The new machine was introduced in 2021.

Worm gears figure prominently in power-transmission designs – gearboxes and drives – where they are used to achieve high-ratio changes in speed or torque. Finished worm gears figure in electrically driven systems for cars, like steering and brake systems and powered devices like seats, mirrors, and hatches; and in general mechanical engineering; and in multiple other industrial and consumer applications , some of which may require thousands or millions of worm shafts annually.

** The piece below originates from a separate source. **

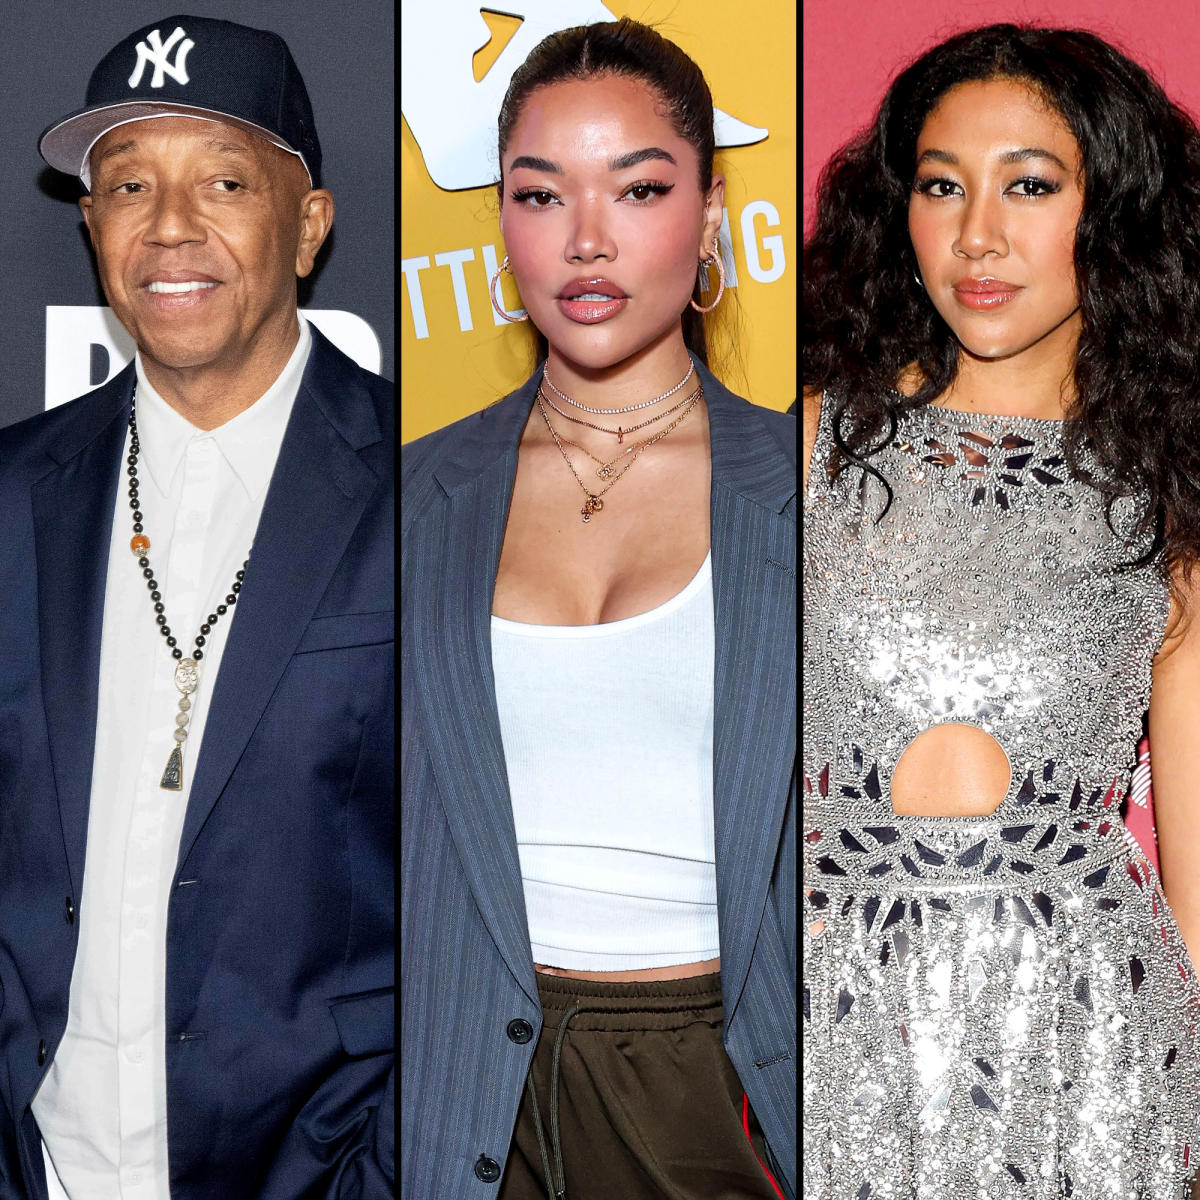 Russell Simmons Family Drama Explained: Harassment, Threats, and Tension, Oh My! 18

"Erwin Junker Maschinenfabrik GmbH has developed not only a new grinding process, but also a comprehensively new approach, which achieves improvements and savings in many ways. That is what motivated the jury to award the special prize to the JUMAT," explained Baden-Württemberg Environment Minister Thekla Walker.

The Erwin Junker JUMAT machine is a single operation for producing worm shafts, in contrast to established processes that may involve several discrete stages: milling, rolling, smoothing, and deburring. Obviously, each step involves time and handling.

In the new machine, a worm shaft is ground from a solid blank with the basic geometry of the finished part and two bearing seats. Next, the blank is fed into the fully automated process via a loading system and undergoes pre-grinding and finished-grinding. Then, the workpiece moves to an integrated deburring station, and a finished worm shaft comes out at the end.

Among the innovations of the Erwin Junker process are a newly developed tool geometry and an optimized pre-grinding process, which replaces the principal cutting capacity and works at very high feed rates.

According to the developer, around 40 percent of energy and material required to produce the worm gears can be saved via the JUMAT. Other advantages of the new production process include long tool life and reduced space requirements; at least 50-percent shorter cycle times; and about 25 percent lower energy consumption.

"We were rather conservative in our calculations. However, the values have proved to be realistic. The first customer applications that we were able to support in 2021 have in some cases significantly exceeded our forecasts,” reported Erwin Junker Maschinenfabrik managing director Joachim Himmelsbach.